──────── Given material
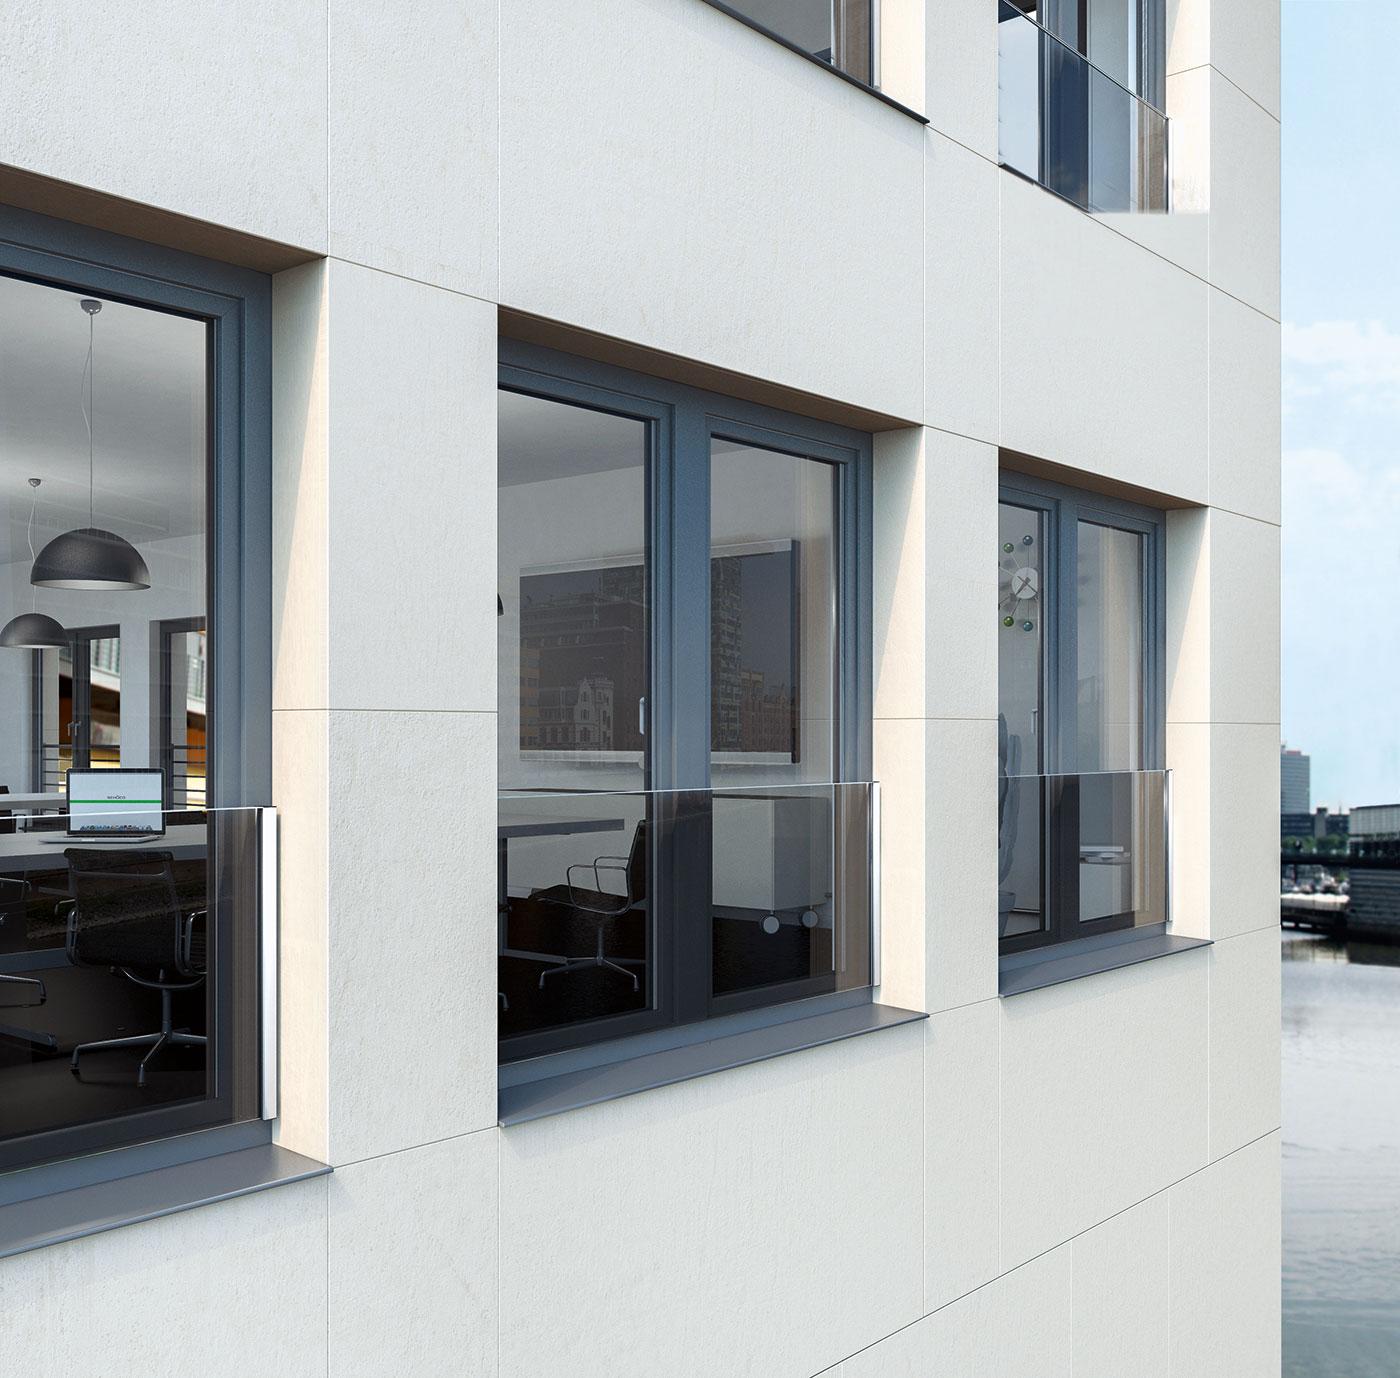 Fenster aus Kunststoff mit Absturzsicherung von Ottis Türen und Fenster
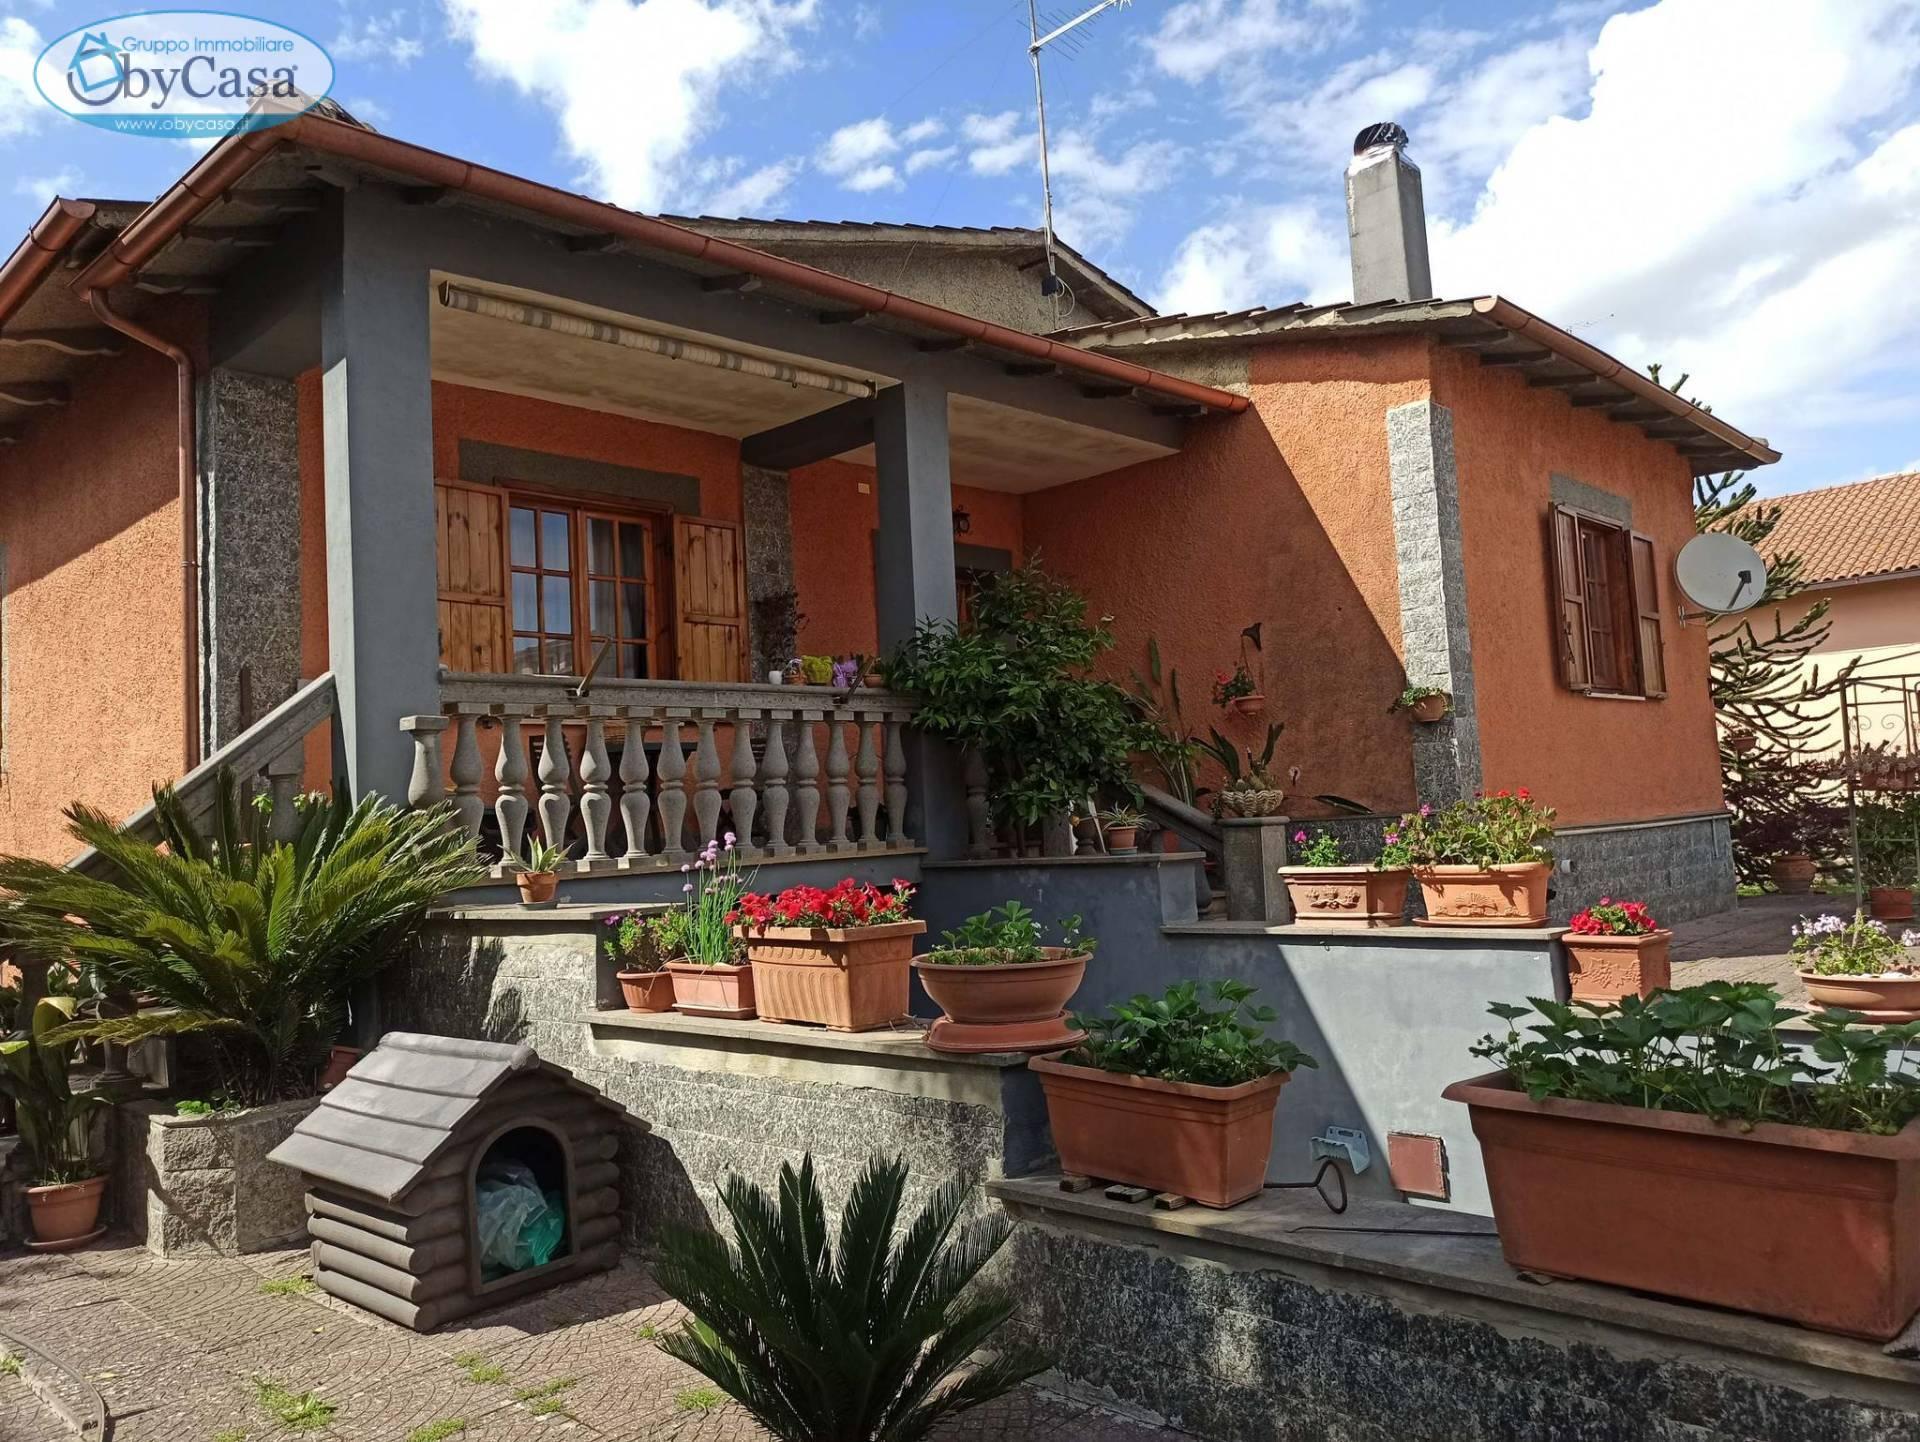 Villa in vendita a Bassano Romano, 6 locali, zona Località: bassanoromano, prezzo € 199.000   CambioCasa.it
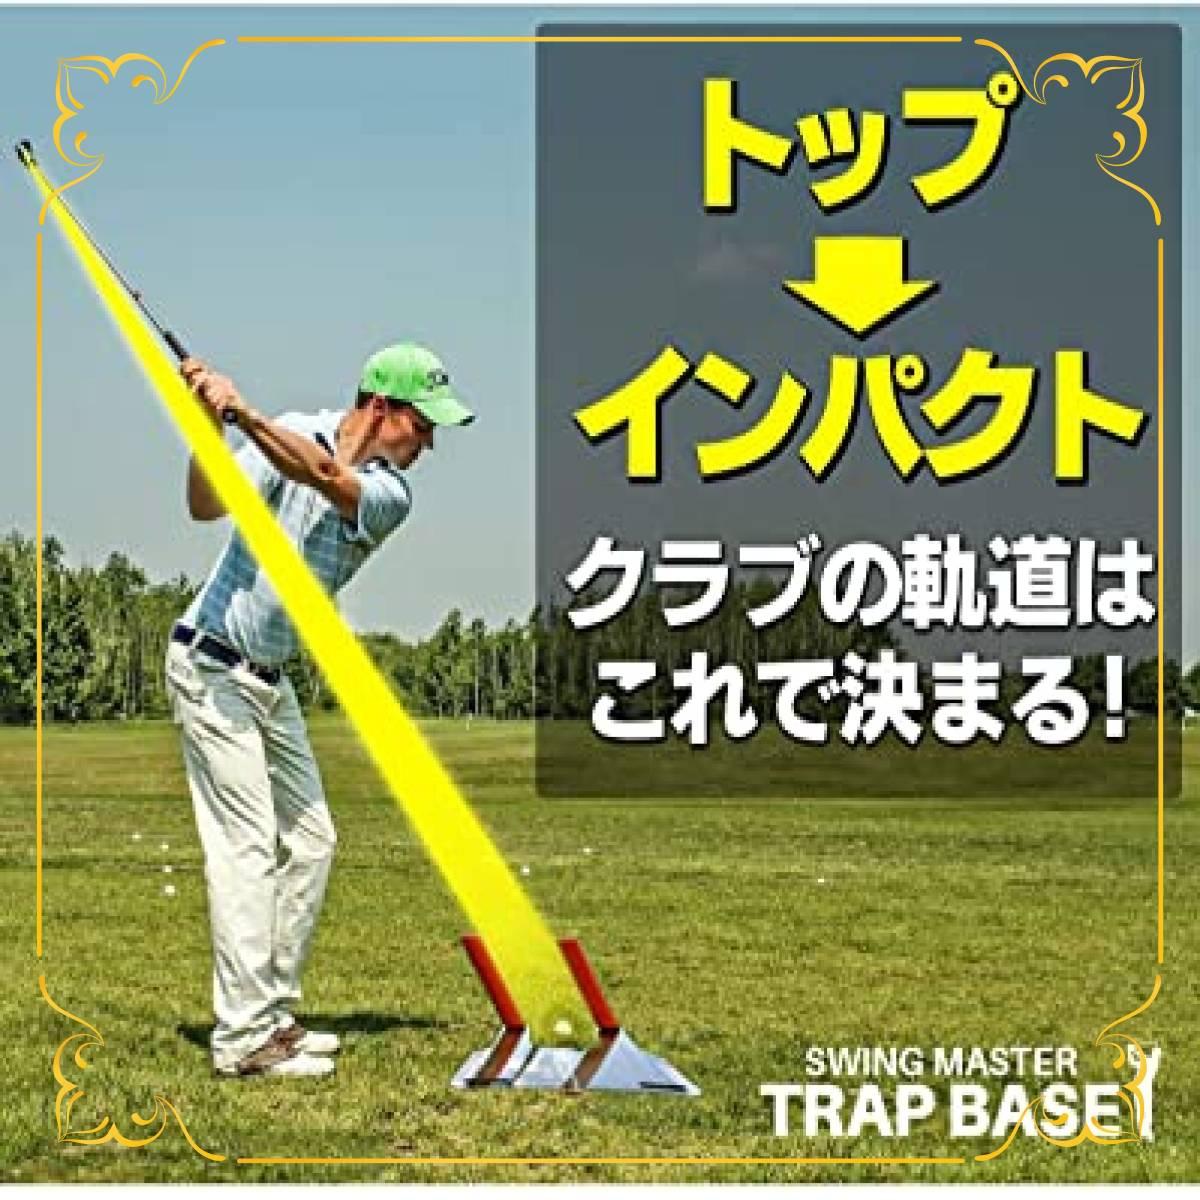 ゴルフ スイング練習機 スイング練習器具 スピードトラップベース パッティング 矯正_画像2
────────────────
The required output is each line above restated verbatim, with all images omitted.

 Fenster aus Kunststoff mit Absturzsicherung von Ottis Türen und Fenster
 Villa in vendita a Bassano Romano, 6 locali, zona Località: bassanoromano, prezzo € 199.000   CambioCasa.it
 ゴルフ スイング練習機 スイング練習器具 スピードトラップベース パッティング 矯正_画像2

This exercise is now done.